━━ Data extract ━━

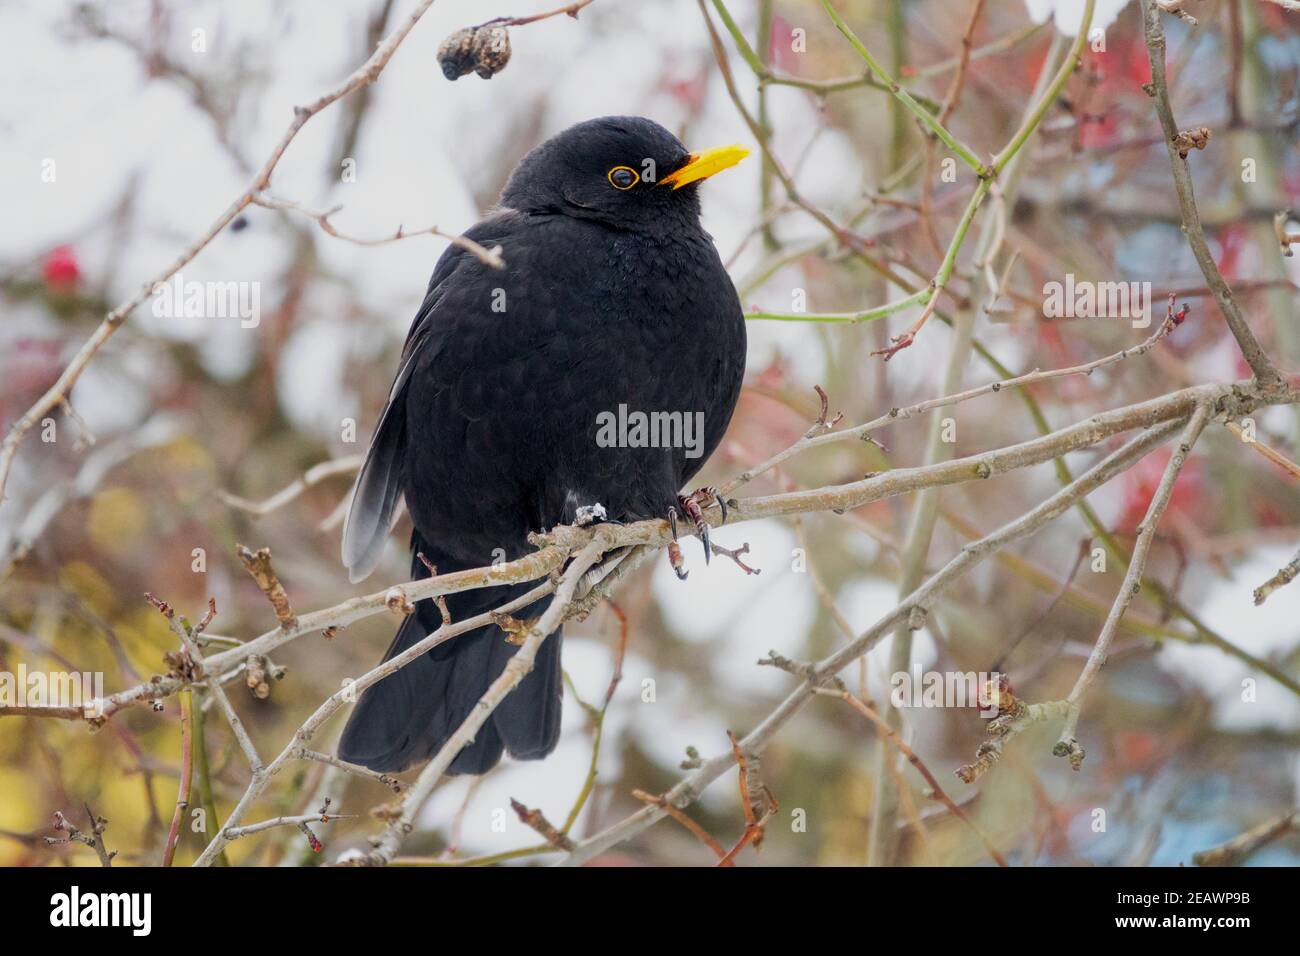 Blackbird Turdus merula perched in snow winter bush, fluffy feathers in the frost shrub Stock Photo
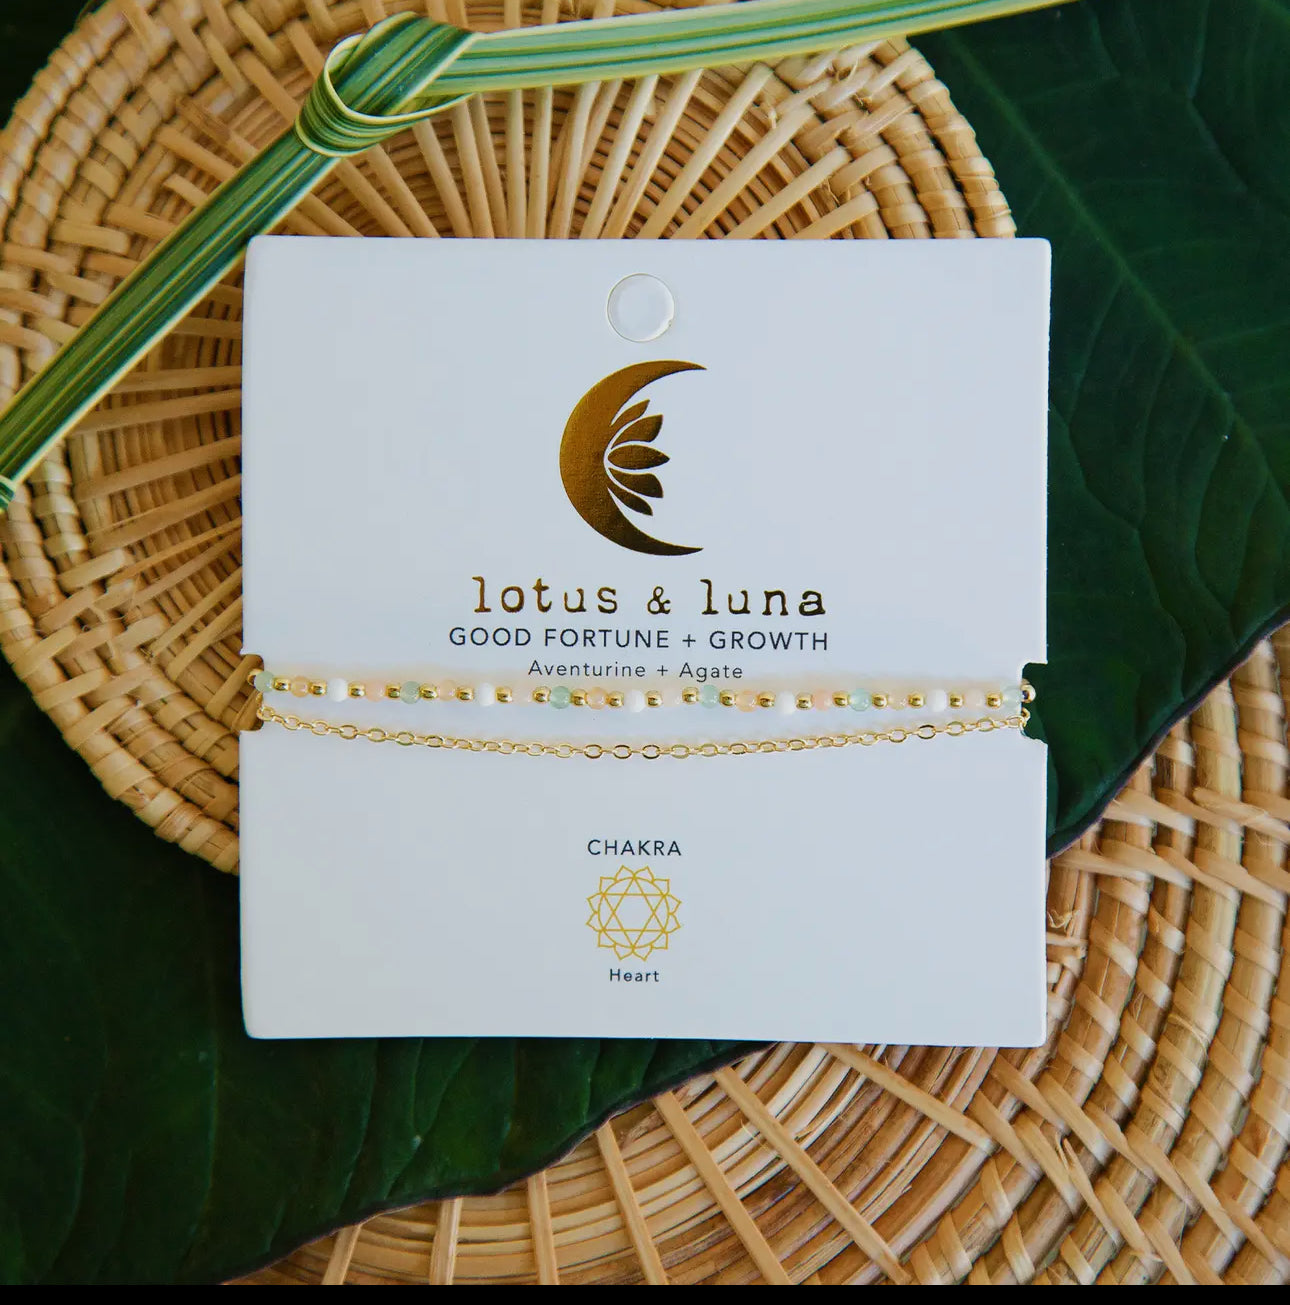 Lotus & Luna Healing Bracelets
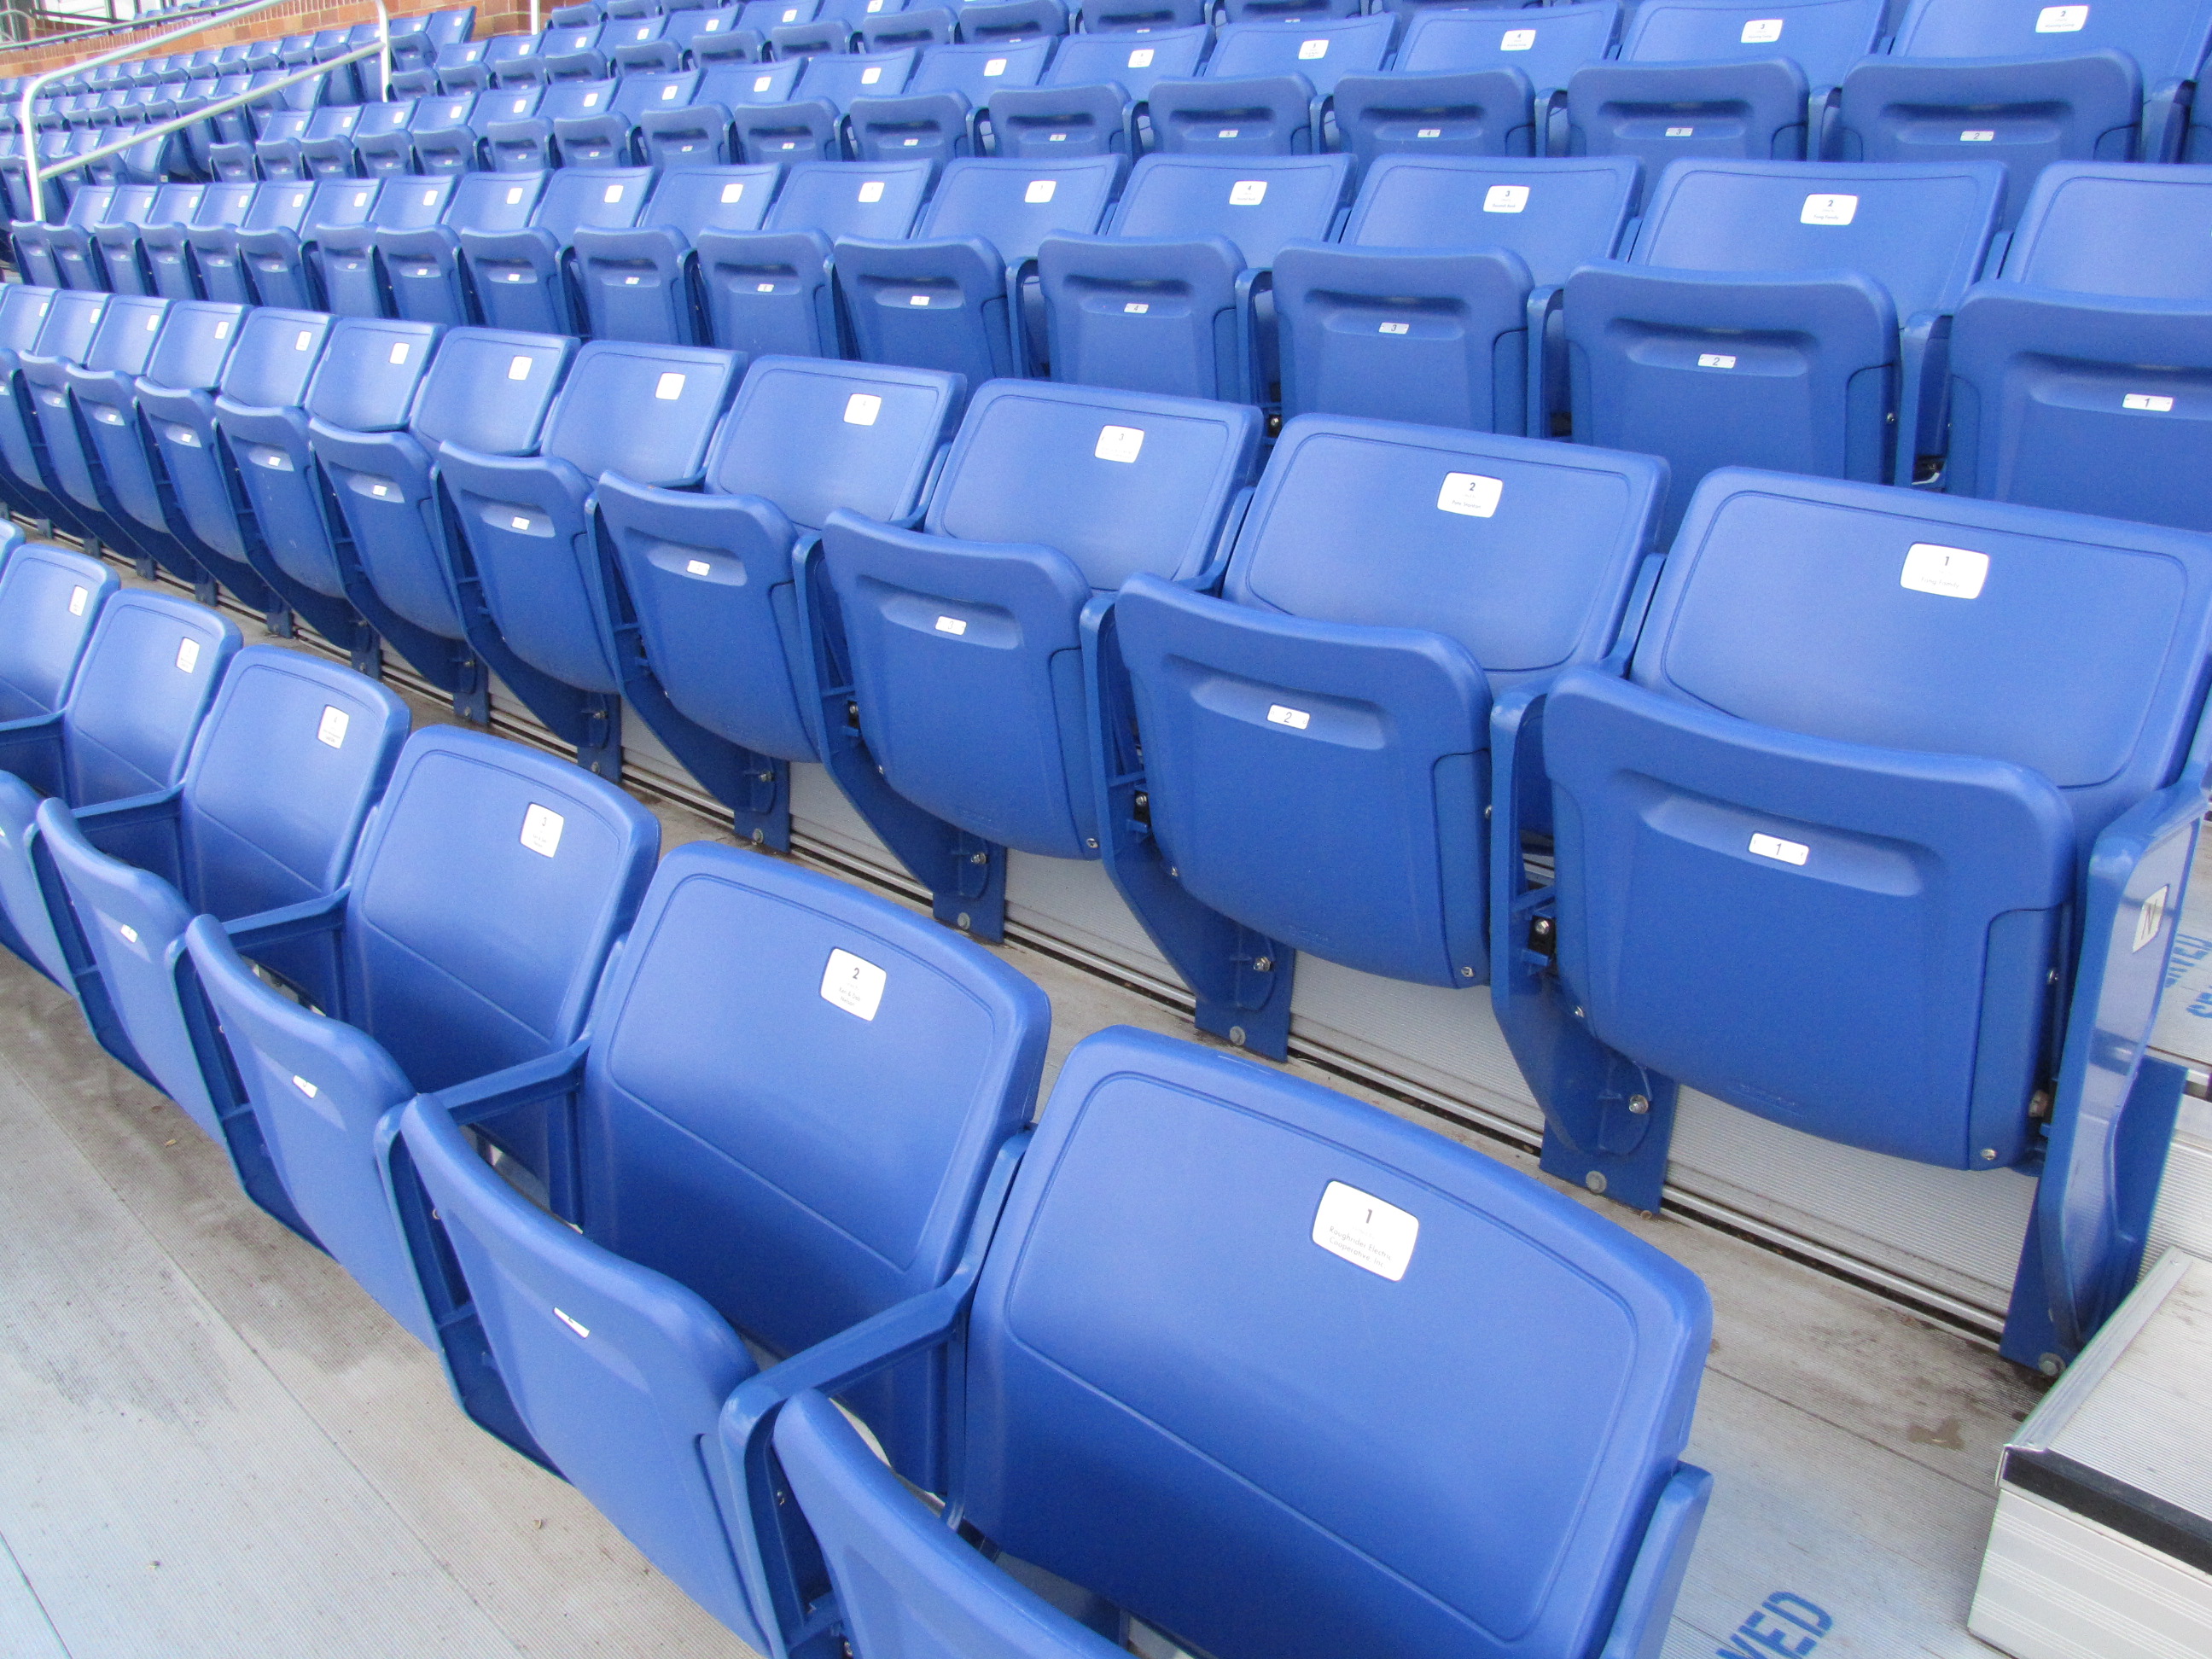 Stock photo of empty seats at an outdoor stadium.

━━━

» Assignment
Set down the material above exactly as it reads, but not its pictures.

» Exercise response
 Blackbird Turdus merula perched in snow winter bush, fluffy feathers in the frost shrub Stock Photo
 Lotus & Luna Healing Bracelets
 Stock photo of empty seats at an outdoor stadium.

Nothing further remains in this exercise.